Further, it is commonly performed to transmit/receive ultrasonic waves while moving an ultrasonic probe in a short axis direction orthogonal to a direction in which transducers are arranged (a long axis direction), measure respective two-dimensional tomographic images at different cross-sectional positions to generate volume data of the tomographic images, perform volume rendering using the volume data to construct a three-dimensional tomographic image (e.g., a two-dimensional projection image), and display the three-dimensional tomographic image (e.g., Patent Literature 2). In this case, a position sensor which measures the position and tilt of the ultrasonic probe is provided, position information and tilt information are acquired at the same time as transmission/reception of ultrasonic waves, and a plurality of two-dimensional tomographic images are registered in association with three-dimensional coordinates of volume data. With a three-dimensional tomographic image constructed in the above-described manner, information on the extent of a part of interest can be observed from a different angle.

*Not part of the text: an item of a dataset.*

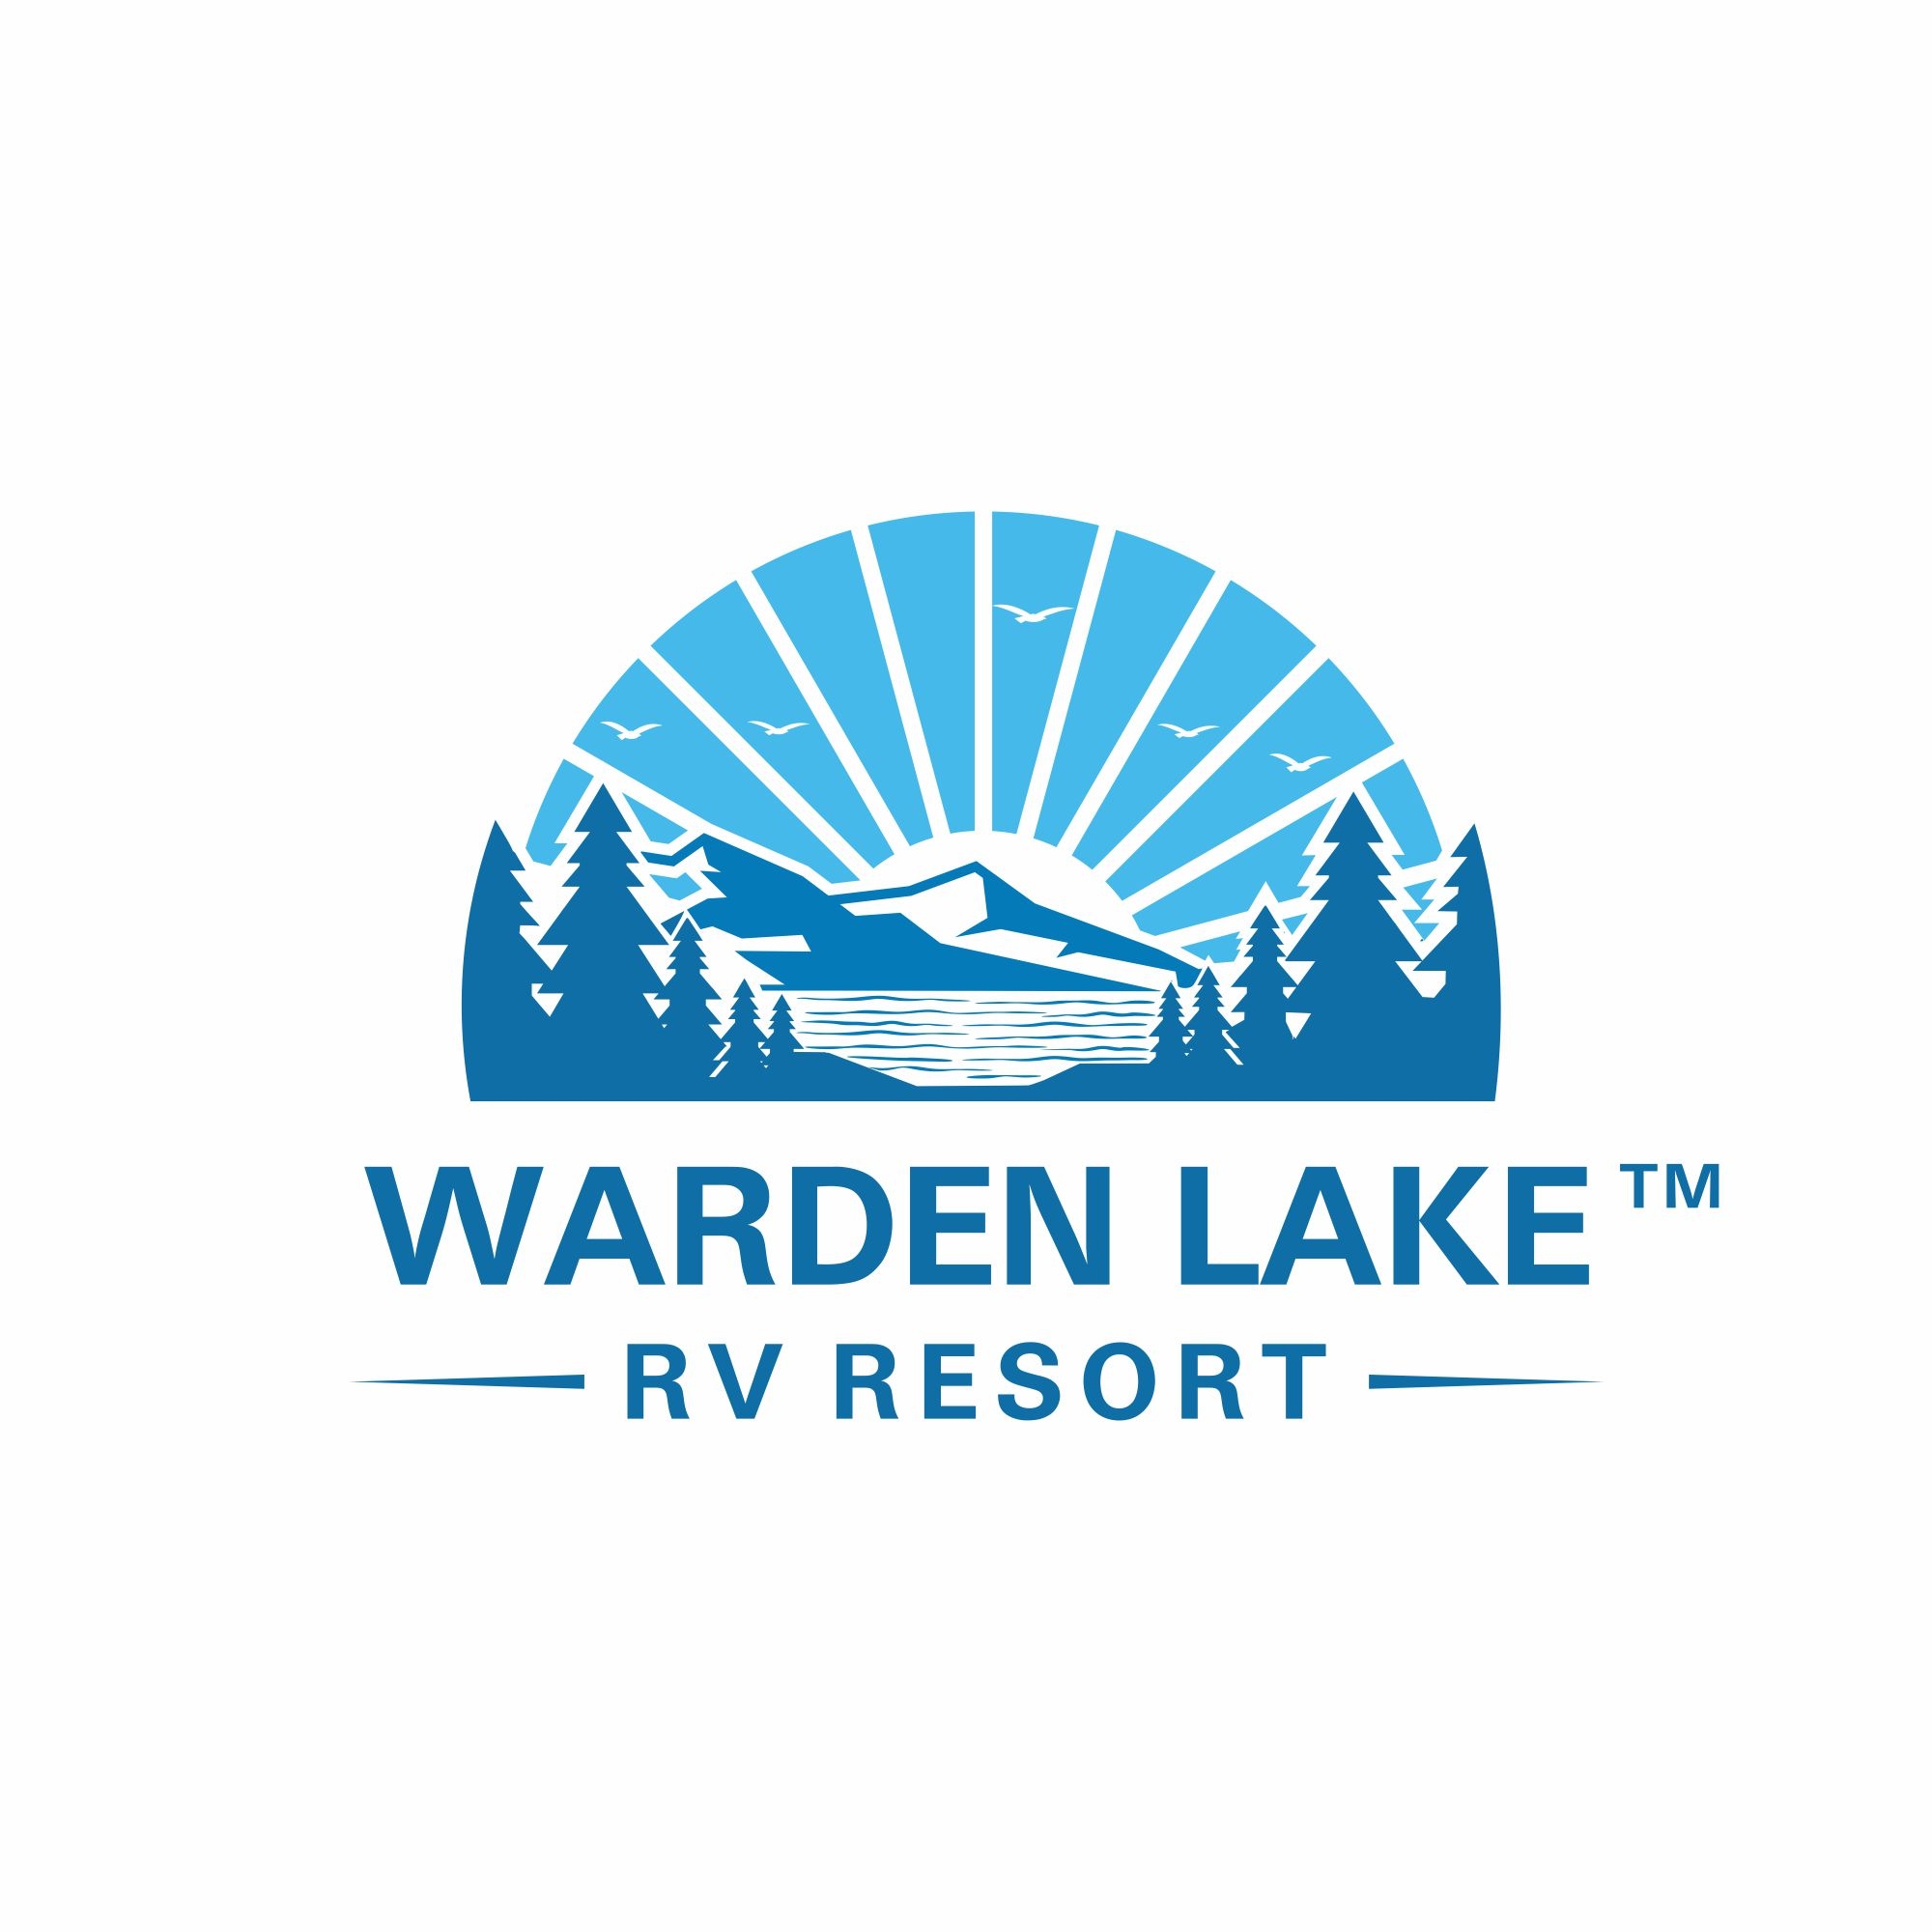 Warden Lake RV

Similarly, the process of constructing and displaying a three-dimensional elasticity image has been proposed in order to intuitively recognize the shape and volume of a hard part or a soft part present in a living tissue (e.g., Patent Literature 3). According to the process, elasticity image volume data composed of a plurality of two-dimensional elasticity images measured by general elasticity image measurement is generated, and a three-dimensional image (e.g., a two-dimensional projection image) is constructed on the basis of the elasticity image volume data. A further improvement in visibility by displaying a three-dimensional elasticity image to be superimposed on, e.g., a three-dimensional tomographic image has also been proposed.